Because DNA is unique to an individual, we can use DNA fingerprinting to match genetic information with the person it came from. The restriction fragment length polymorphism technique (RFLP) "cuts" out genes which are likely to be differentiating factors using restriction enzymes. Are separated by size using gel electrophoresis. The pattern formed will be particularly unique because there is more variability in the genes examined.
When I first started college that's when DNA fingerprinting started entering the popular knowledge base and people were talking of this DNA technology that could be used to identify people and was considered almost a magical thing. In fact a friend of mine who is an English major he was very confident that he knew exactly what DNA fingerprinting was. I remember him explaining to somebody else it was if you left a fingerprint a Scientist could pick up a bit of your fingerprint put it into a pitridish and grow an entire new copy of you and then look at your clone's face and identify you that way.
Unfortunately that's not how it works, it's a little bit more complicated and a little bit less complicated more on the less complicated side. There's two big kinds of DNA fingerprinting one is called PCR, the one I'm going to talk about right now is called the RFLP that's a really long, sorry there's a really short version of the actual name which is Restriction Fragment Length Polymorphism but the basic idea of DNA fingerprinting no matter if it's RFLP or PCR is that you're examining DNA using in this case RFLP and a measurement tool called Gel Electrophoresis to do that DNA examination. So if we take a look at this Restriction Fragment Length Polymorphism this gigantic title what does that mean? Well there's something about fragments and the lengths, now a restriction fragment is something that is created when a special kind of cutting enzyme called a restriction enzyme cuts the DNA poly is a root word that many of you know it means many, morph means shape or form and so a polymorphism means that you see different sizes or shapes in the length of people's DNA fragments. So the basic idea of RFLP is that you're using those restriction enzymes, specialized enzymes that cut DNA at highly specific sequences to cut up DNA into different lengths.
Each person because our DNA is different from one individual to the next will wind up creating a different pattern of fragment lengths. And then you use this process called Gel Electrophoresis. What's that? Well Gel Electrophoresis uses a kind of Gel typically agarose which looks kind of like jello without any food diet added to it and you run an electric current through it. Now DNA has a negative charge so it's forced from the negative side towards the positive side by this electric field and the smaller pieces of DNA can wine their way through the gel a lot faster than the larger pieces. Let's take a look at this PowerPoint slide here and we can get a better idea hopefully of how this RFLP restriction fragment length polymorphism works.

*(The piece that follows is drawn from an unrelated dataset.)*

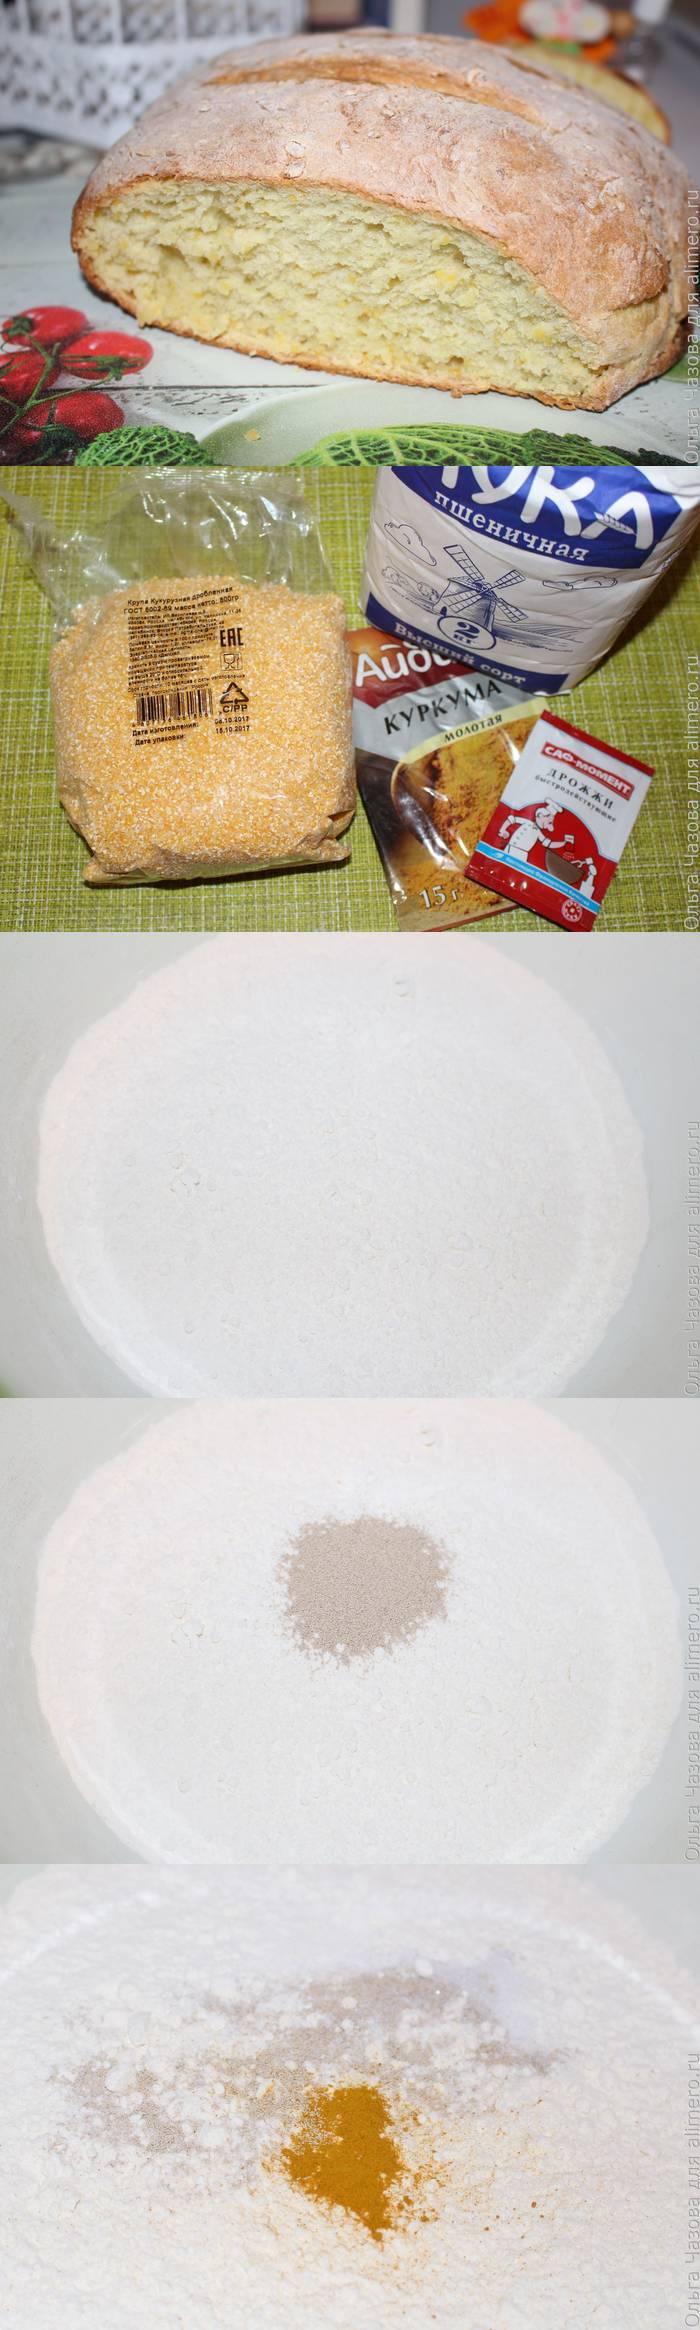 Мягкий домашний хлеб с кукурузной кашей

Let's suppose we have sample one and sample two, these are two different sources of DNA. Now I have a restriction enzyme that looks for the sequence GAATC and so it goes along this DNA and goes GAATC and cuts it right there. It keeps going doesn't find that sequence again. In sample one going on the other strand remember DNA strands are anti parallel they move in opposite directions a restriction enzyme comes along this strand goes GATTC and cuts it there. What that winds up giving me is this fragment here which is shortish and this fragment here which is longish. Now sample two comes from somebody else with a different sequence at that particular site instead of GAATC they have GTATC and the restriction enzyme goes along and says GTA never mind and ignores it and similarly GAT and ignores it.
Alright so sample two's DNA winds up not being cut so it's very long, we take our sample one DNA put it into a hole or well in the gel take sample's two DNA puts it I there and then assuming that we have a large enough sample because you cannot see one DNA molecule you need several million DNA molecules all together in order to be able to actually see it with naked eye. So we put our sample of DNA from person number one into this well, we put our sample of DNA from person number two in that well then we set up our electric currents so this side of the gel is negatively charged repelling the DNA this side here is positively charged attracting the DNA and the DNA strand will start to move through.

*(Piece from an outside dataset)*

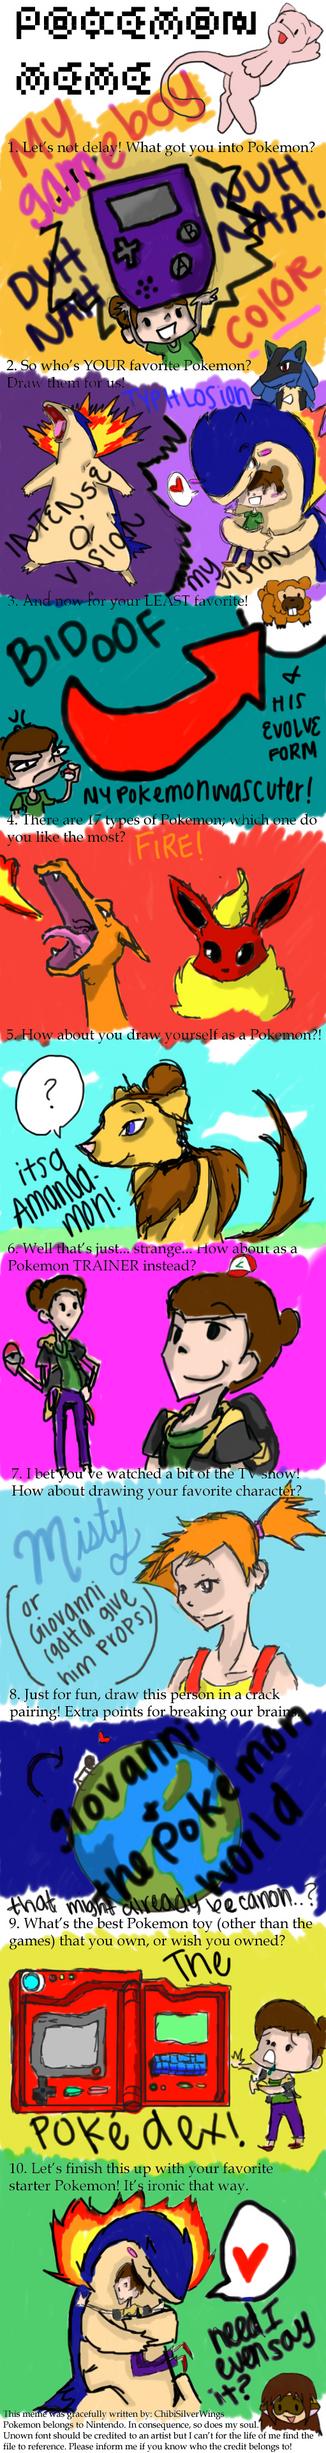 Pokemon Meme by LiveLongundProsper

Now because we have in sample two's well a whole bunch of identical DNA molecules that are large, they have a hard time lumbering through this obstacle course. Whereas in sample one, we have a sample of two different kinds of DNA fragments, the short guys who zipped, and this larger guys who lumber through not quite as fast as speedy Gonzales down here so kind of to there. Then we turn off the current and then we can add special stains that make the DNA visible and then we can see our pattern. And you could use this in back in the 80s and 90s that were using this kind of patterns to identify suspects. It has also been used a lot in doing some of the initial mapping work on the human genon project and in standard research. Also during genetic engineering when you're having to cut DNA this is a very simple and quick way to determine whether or not you're successful.